Here, as with the dentists, we have a well-planned blend of the nerdily entertaining and the expertly informative. So you have pest experts addressing such hoary urban pest myths as 'can cockroaches survive a nuclear blast?' and 'do termites like rock music?'
This is high-end pub trivia of the not-a-lot-of-people-know-that variety, but it’s mixed in with more serious (and commercially important) messages such as 'the ultimate guide to pest seasonality' and 'dampwood and drywood termite control tips'.
The lesson: We sometimes deprecate the use of scare tactics in marketing, but if you’re in pest control your prospects are probably running scared already, so it’s not cynical to remind them – visually and verbally – of the dangers of infestations and the like.
To help with editorial planning, the blog categorises posts by section e.g. ‘pests in the headlines’, ‘the lighter side of pest control’ and ‘industry Insight for pest control professionals’.
This is a simple but effective content-planning technique – each strand can be given to a different writer/team, it’s easy to see at a glance where content is short, and strands can be prioritised according to an agreed overarching strategy.
If industry professionals are identified as the main target audience for the blog, for instance, planning and resourcing can be tweaked to make sure they get twice as much content as the other strands.
Ace Tree Management
Ace Tree Management is all about tree cutting and tree pruning in the Melbourne, Australia area. As with many of the businesses here, you can certainly see areas for improvement in some of the content, in terms of distribution, presentation or both.

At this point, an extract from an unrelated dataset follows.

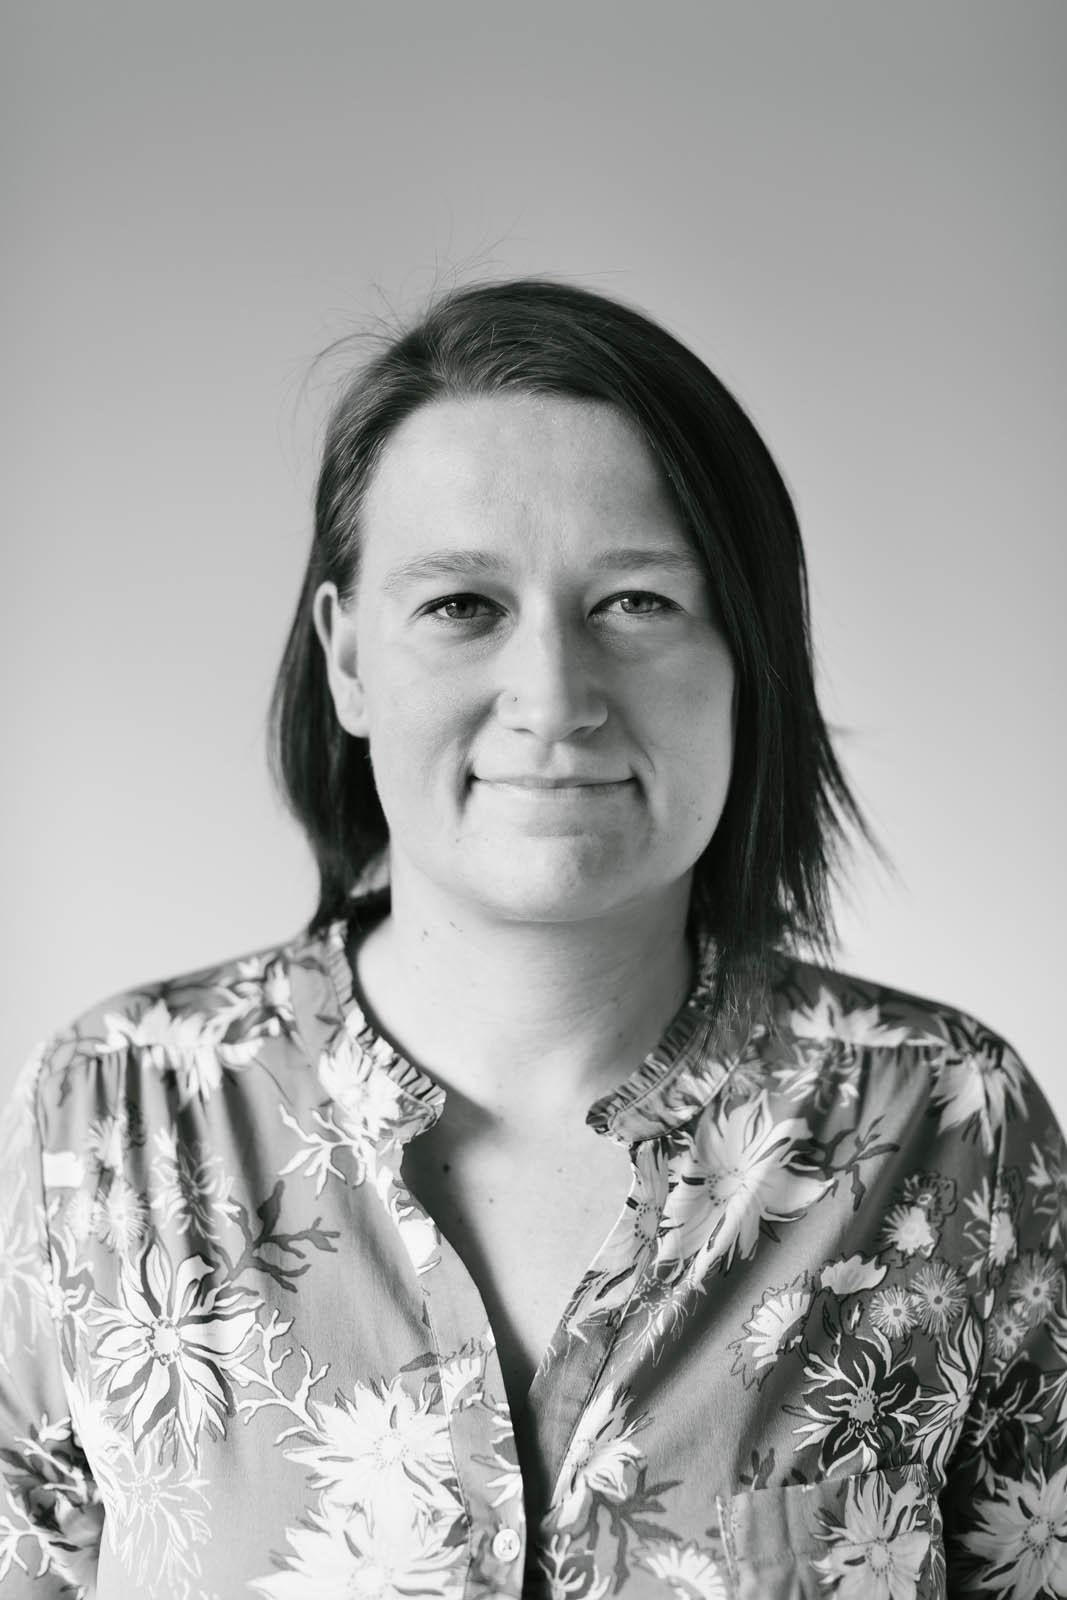 Filotax 021-Samantha Callens-dossierbeheerder
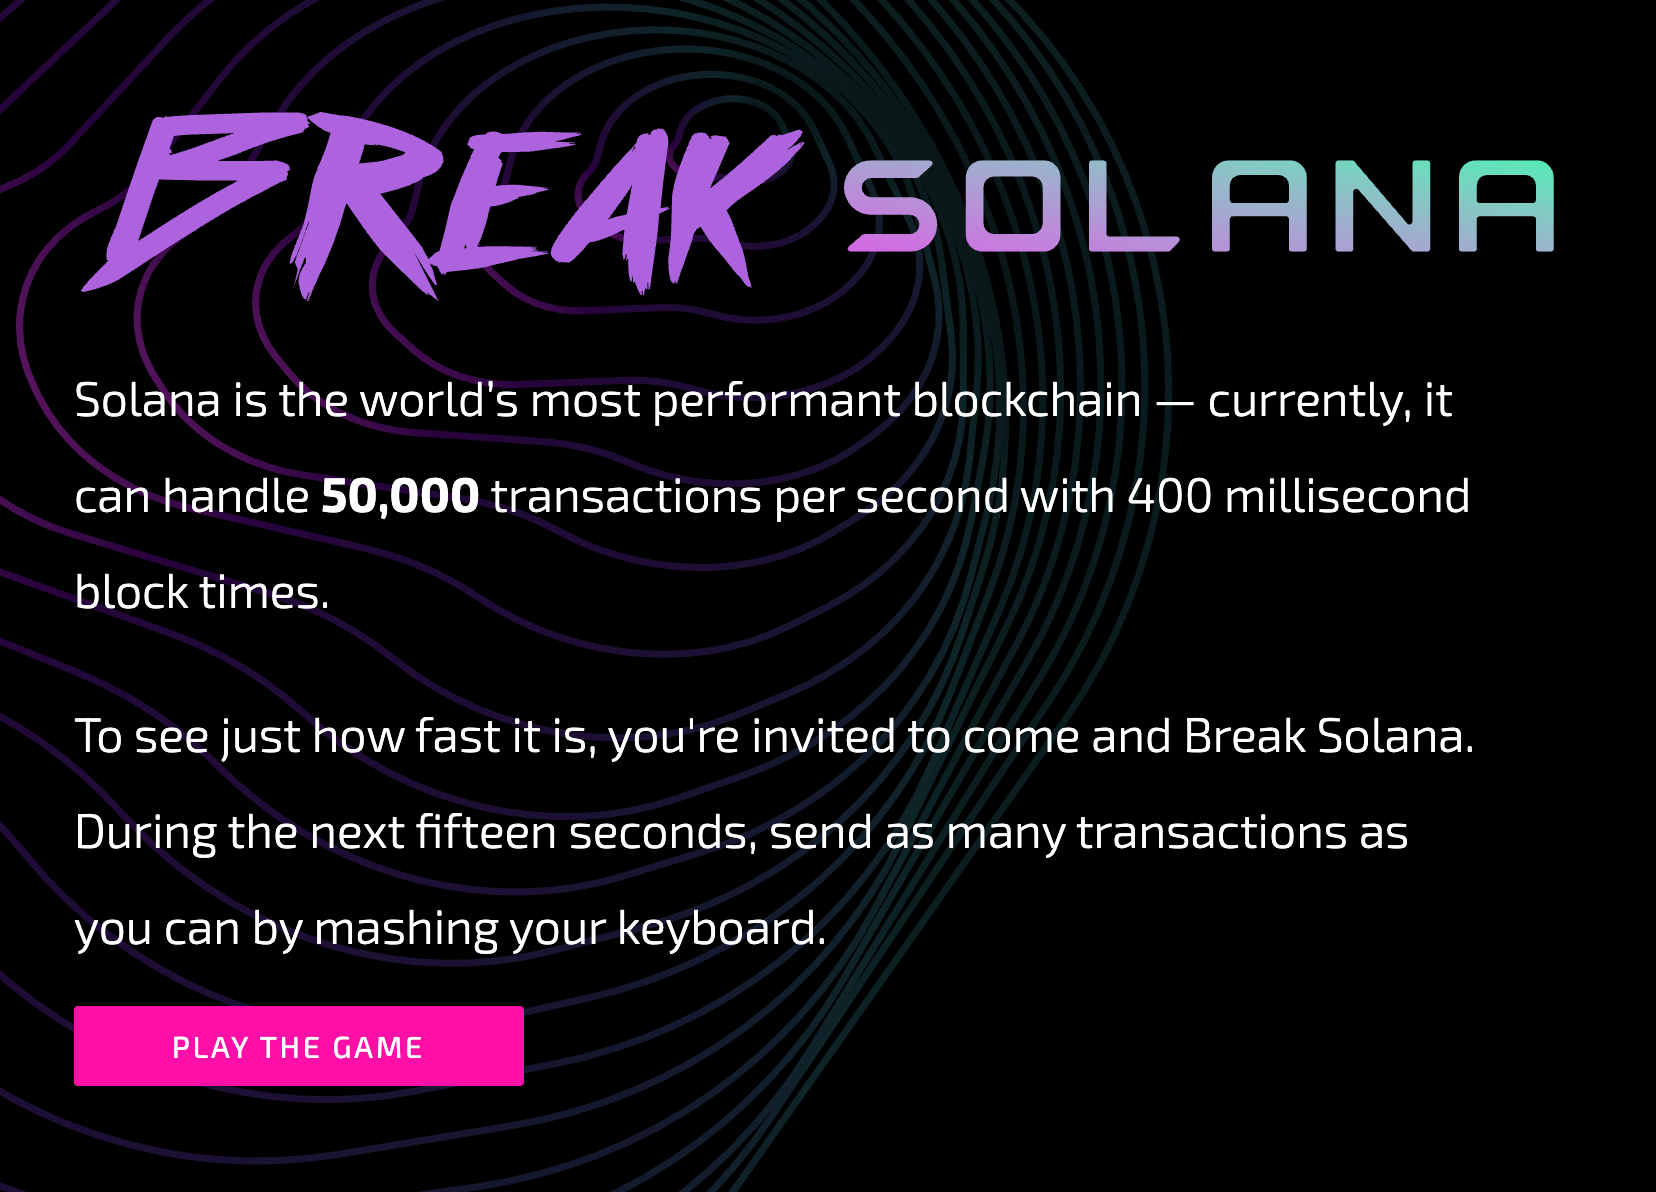 Solana: Just reboot it

But one thing Ace Tree does very well is to use video to create a sense of admiration for what it does and the risks it takes.
See, for instance, 'tree removal jobs of 2013' or 'cherry picker hire tree cutting aerial platform man lift'. Much of the footage is filmed by a drone, which typically swoops over the head of a man on a platform at 70m (soundtrack by Daft Punk, natch) to show us a plungingly vertical view of great bits of tree plummeting to the earth way, way below.
At such moments one’s overwhelming emotion is, well, vertigo.
In case that all sounds a bit butch and blokeish, check out videos like 'slow motion tree removal work with Husqvarna chain saw Ace Tree', which captures the falling branches of an unsafe, 45m hollow tree with a balletic beauty that is equally hypnotic, but for more aesthetic reasons.
As in every video, you see the whole operation in action, the skill of the team, the efficiency of the process. As one commenter says: "Nice one boys. Great efficient teamwork. Like a well-oiled machine."
The lesson: Are you old enough to remember Play School? Remember when they took us through the round/square/arch window and showed us something being made?
You had to guess what it would be – is it a broom? A chair? A wardrobe? As with those time-lapse videos you get of a skyscraper being built or an exhibitions being broken down, there can sometimes be good content-marketing mileage simply in the contemplation of your business at work.
I’m not quite sure what to call the impulse at play here – completism? Professional curiosity? – but something makes us want to stick around to see that building get finished... or that tree come down.